Purging a large set of data from Clarify

One of my customers actually had 2 reasons to purge information from Clarify.

The first instance was when they sold off a product line and as a result they actually needed to purge all customers, cases, cr's, etc that was solely linked to the divested product.  We actaully handled this with the baseline purge/archive features of dataex.  We only had to write a few scripts to set the arch_ind flag and modify the *.arc files for some exentions we had added to the schema.  Overall it went well.  We had a dataset of about 50000 cases + cr's and we managed to purge about 2500/night.  We also were able to keep the system online while this was running.  So in a short while we had it done.

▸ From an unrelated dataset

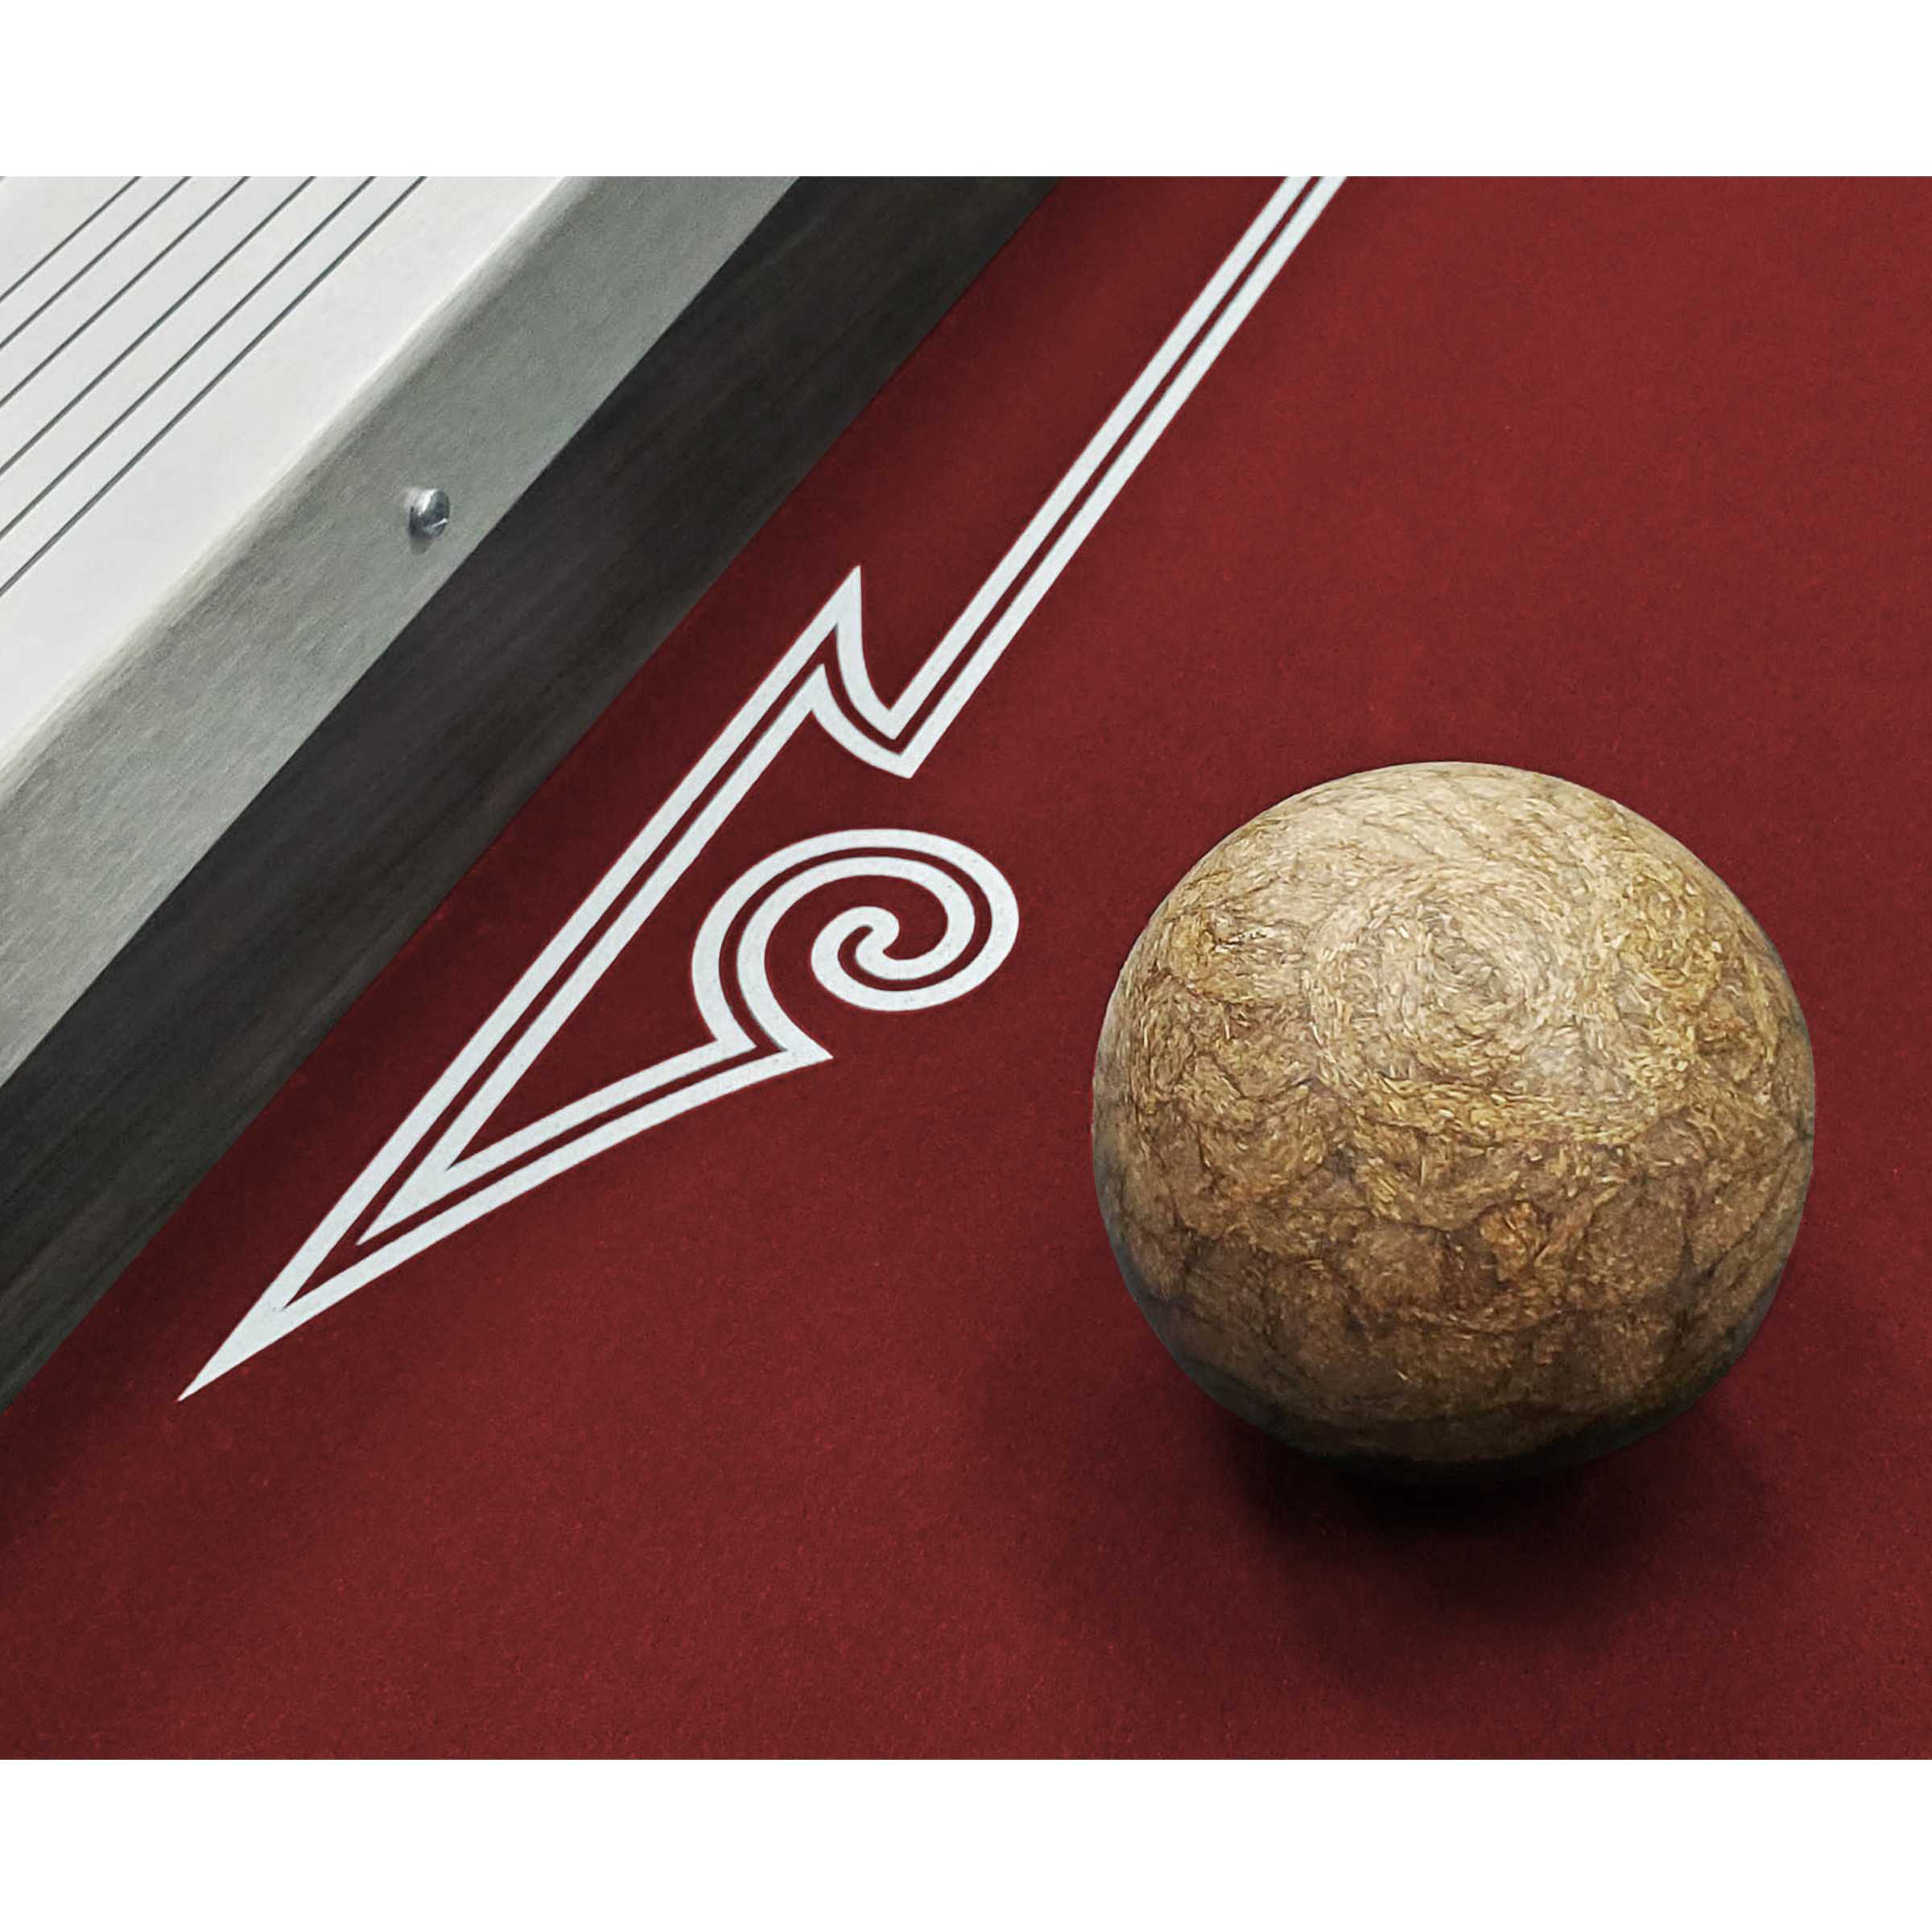 HOME ARCADE PREMIUM SKEE-BALL WITH SCARLET CORK

In the second instance, we had much, Much, MUCH more data to deal with.  i'm talking about ~17 million sites + ~17 million contacts + ~10 million opportunites + all the related activity logs, notes, etc.  No way was this going to be handled using dataex purge/archive.  We looked at some of the commercial solutions, but all of them were priced around $50k.  This is was a one off deal, so we figured we could get it done more cheaply using consulting $'s.  Our first design was to write a series of pl/sql scripts to mark the records in the objects to be purged.  Then either run a series of parallel deletes on the individual objects or run a delete for each business object (and it's related objects) as a transaction.  After some discussion we opted for the transaction delete approach.  After some testing, we concluded (my memory is a bit fuzzy here) we could probably get 100k records deleted per hour and it would require the system to be offline during the purge.  That left us with a couple of all weekend outage windows.  Unacceptable.  We then hundled around the room again and the Oracle DBA's came up with a solution (see sometimes they actually do earn their keep!).  We would flag the records as originally designed, but then they would partition the tables based on our flags.  Once the tables had been partitioned, they would then drop the partitions.  This worked flawlessly.  We were able to keep the application online and do all the work in the background with minimal impact to the users.  As a bonus, even though this need was a one-time purge, we can use these scripts in the future for further purges, or in some cases, we have used them to migrate data to other applications.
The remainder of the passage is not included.